The algorithm extracts the lung ventilation curves {V j+1(t)} k from V4 lead as changing the thoracic gas volume [1, 4]. The difference of amplitude distribution between V(t) and V j+1(t) from spectral analysis takes the same pattern around 0.3 Hz [8]. The phase difference between V(t) and V j+1(t), however, occurs in the transient regions between the inspiration and the expiration which deduce from inadequate respiratory standards, false respiratory peaks and the gas compression in the thorax [7]. It is effective to determine specific components, such as harmonics of ε j+1(t) around (0.04, 0.1, 0.18 and 0.28 Hz) in cardiovascular responses [2, 17].

Information of the partial ventilation is also expected from other 12 leads [8]. The respiratory Jacobian ∂τ j+1/∂t, like that of ECG, has the potentiality to detect respiratory modulation itself as a part of the HRV and u j+1(t) is expected to detect the amplitude modulation such as sighs distribution. The residual ε j+1(t) supplies information of waveforms not only of the thoracic gas volume but also of the blood flow relating to cardiovascular responses [2, 11, 17].

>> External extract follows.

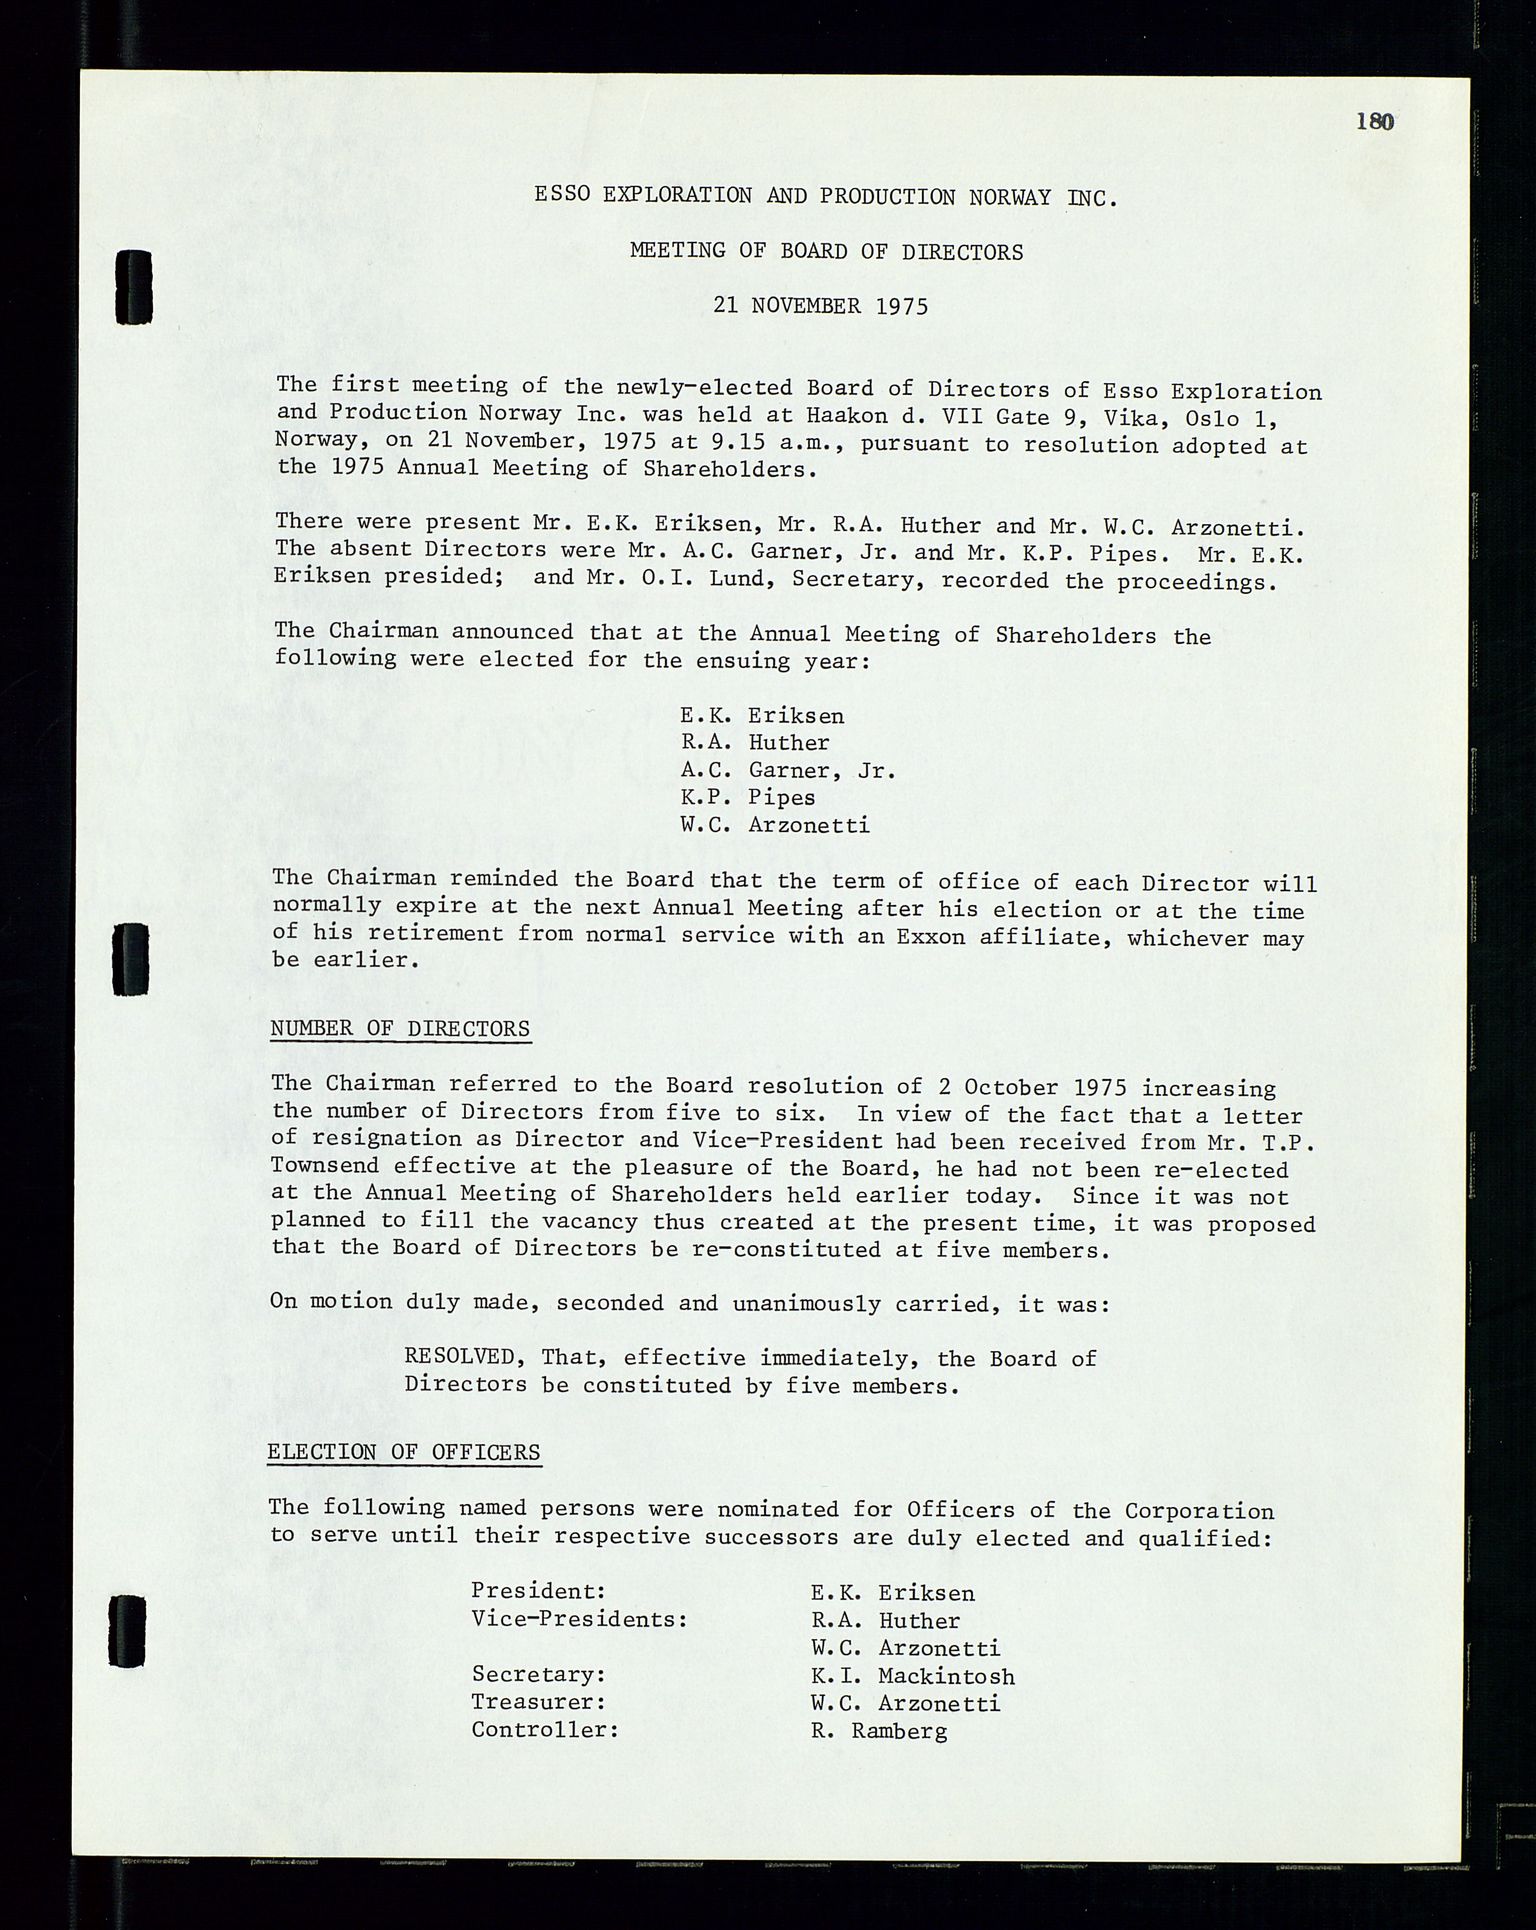 Pa 1512 - Esso Exploration and Production Norway Inc., SAST/A-101917/A/Aa/L0001/0002: Styredokumenter / Corporate records, Board meeting minutes, Agreements, Stocholder meetings, 1975-1979, p. 18

It can be concluded that this algorithm reveals the simultaneous measurements of ECG and respiration. The comparison with the frequency distribution and the waveform evaluates new modulations clearly, such as u kj+1 for detecting changes of the tidal volume (TV) and for finding TGV and cardiovascular responses. This contribution of the algorithm indicates diagnostic potentials on the sleep apnoea from ECG recordings [16].